***** Listed entries

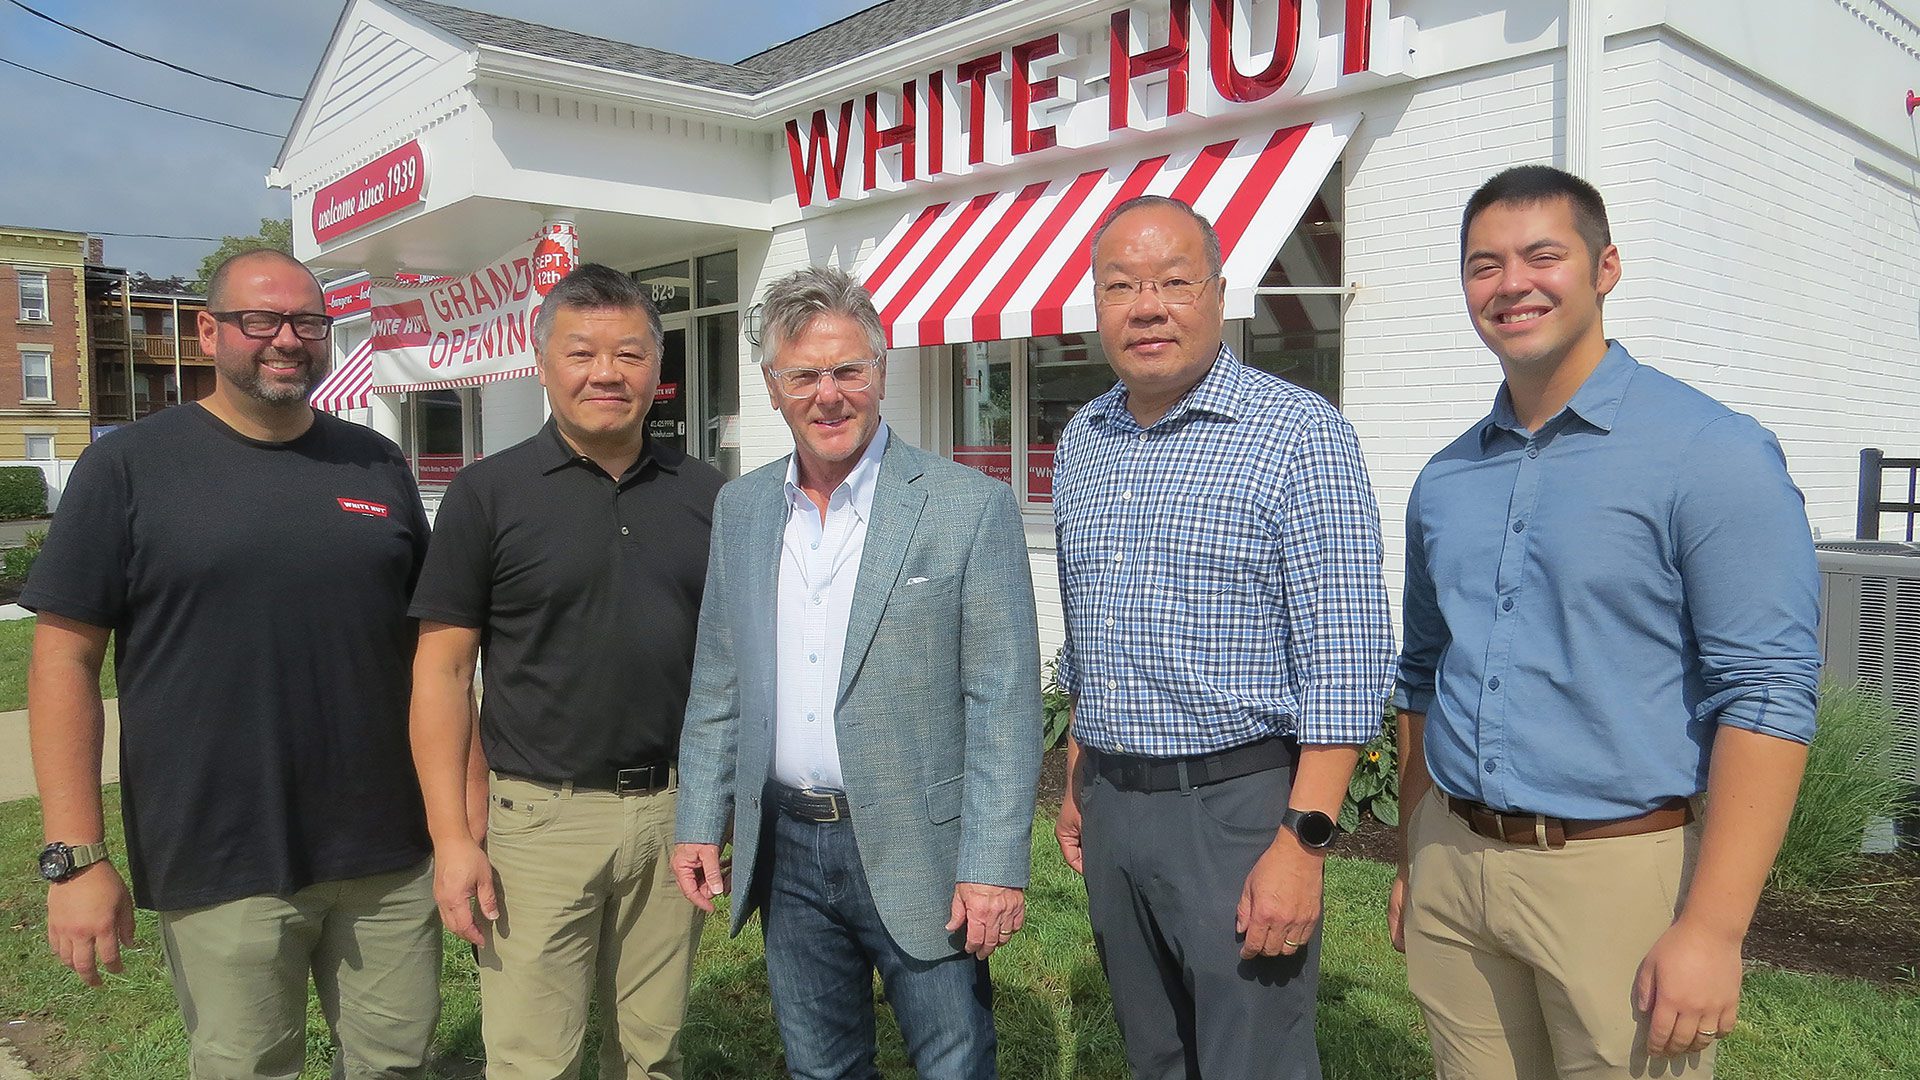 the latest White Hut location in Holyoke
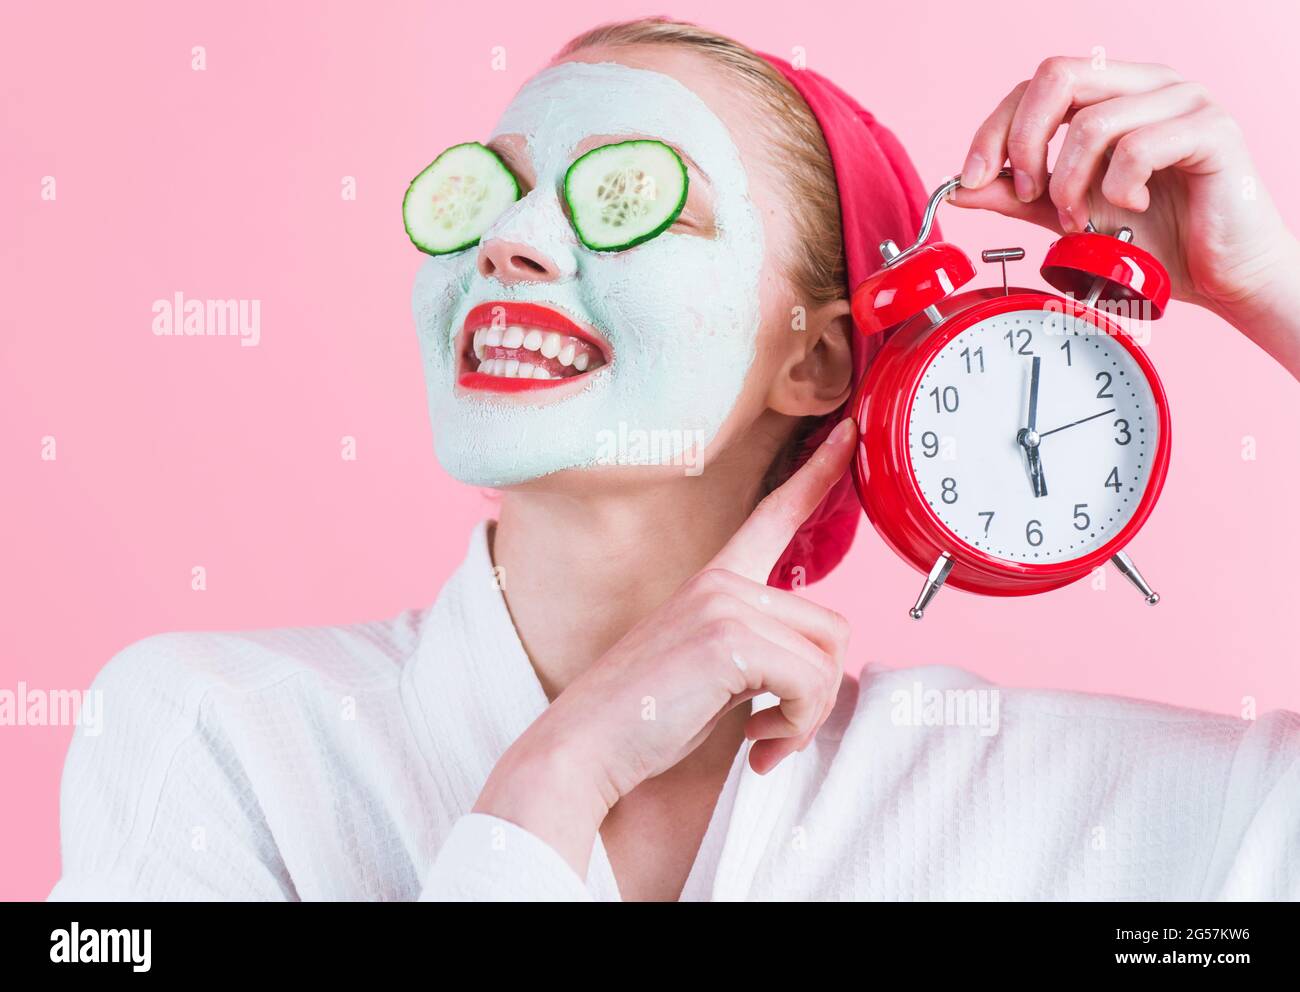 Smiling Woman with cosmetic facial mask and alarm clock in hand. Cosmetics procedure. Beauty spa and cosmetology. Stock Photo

**********
***** Listed entries

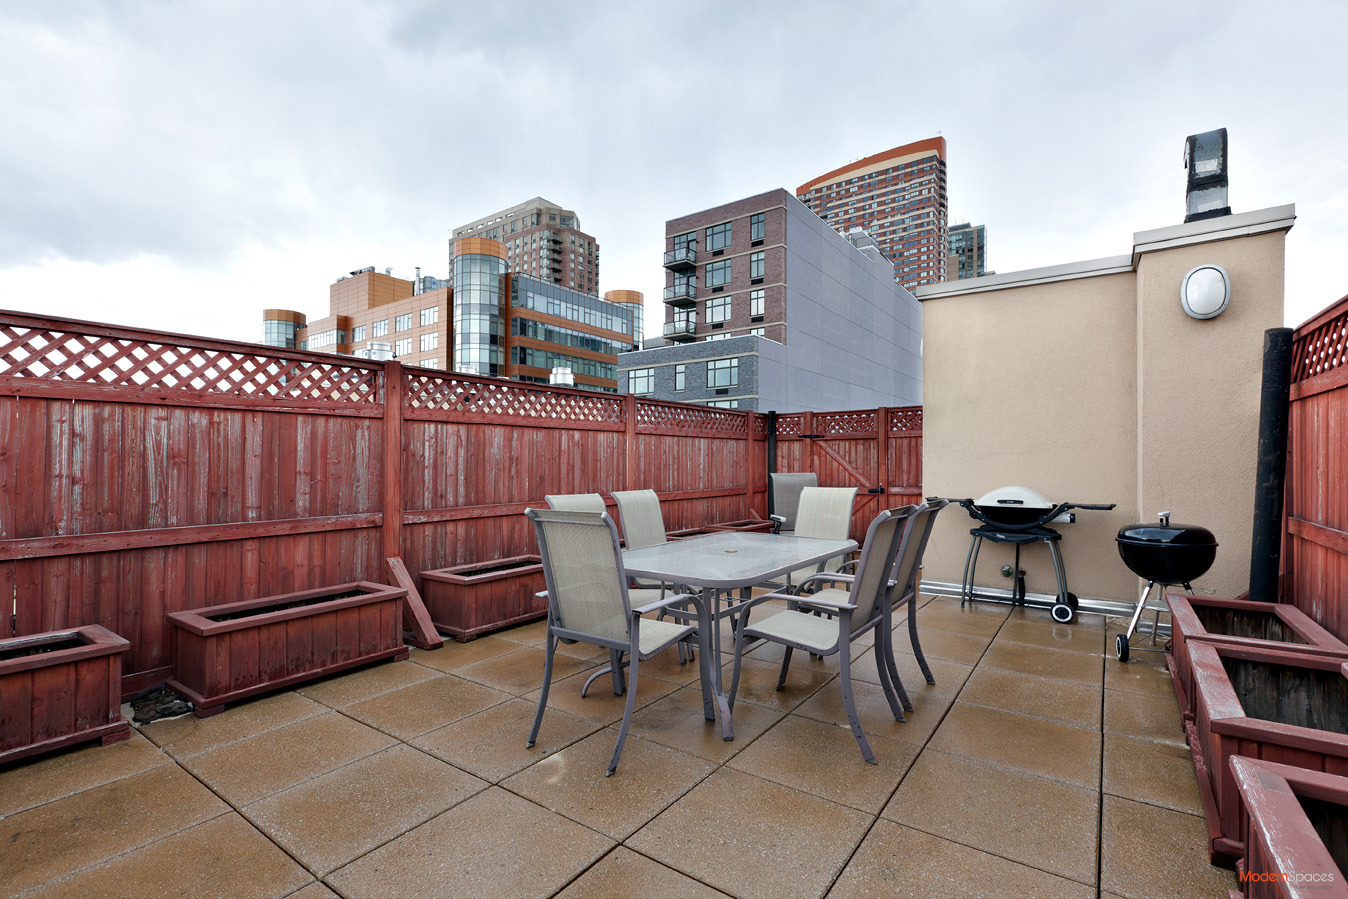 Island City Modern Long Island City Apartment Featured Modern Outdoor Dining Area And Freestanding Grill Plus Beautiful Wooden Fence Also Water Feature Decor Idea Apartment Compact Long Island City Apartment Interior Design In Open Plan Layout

**********

**Task details**
Starting at the line that contains "the latest White Hut location in Holyoke" and ending at the line that contains "Smiling Woman with", transcribe the material above exactly, excluding pictures.

**Task result**
 the latest White Hut location in Holyoke
 Smiling Woman with cosmetic facial mask and alarm clock in hand. Cosmetics procedure. Beauty spa and cosmetology. Stock Photo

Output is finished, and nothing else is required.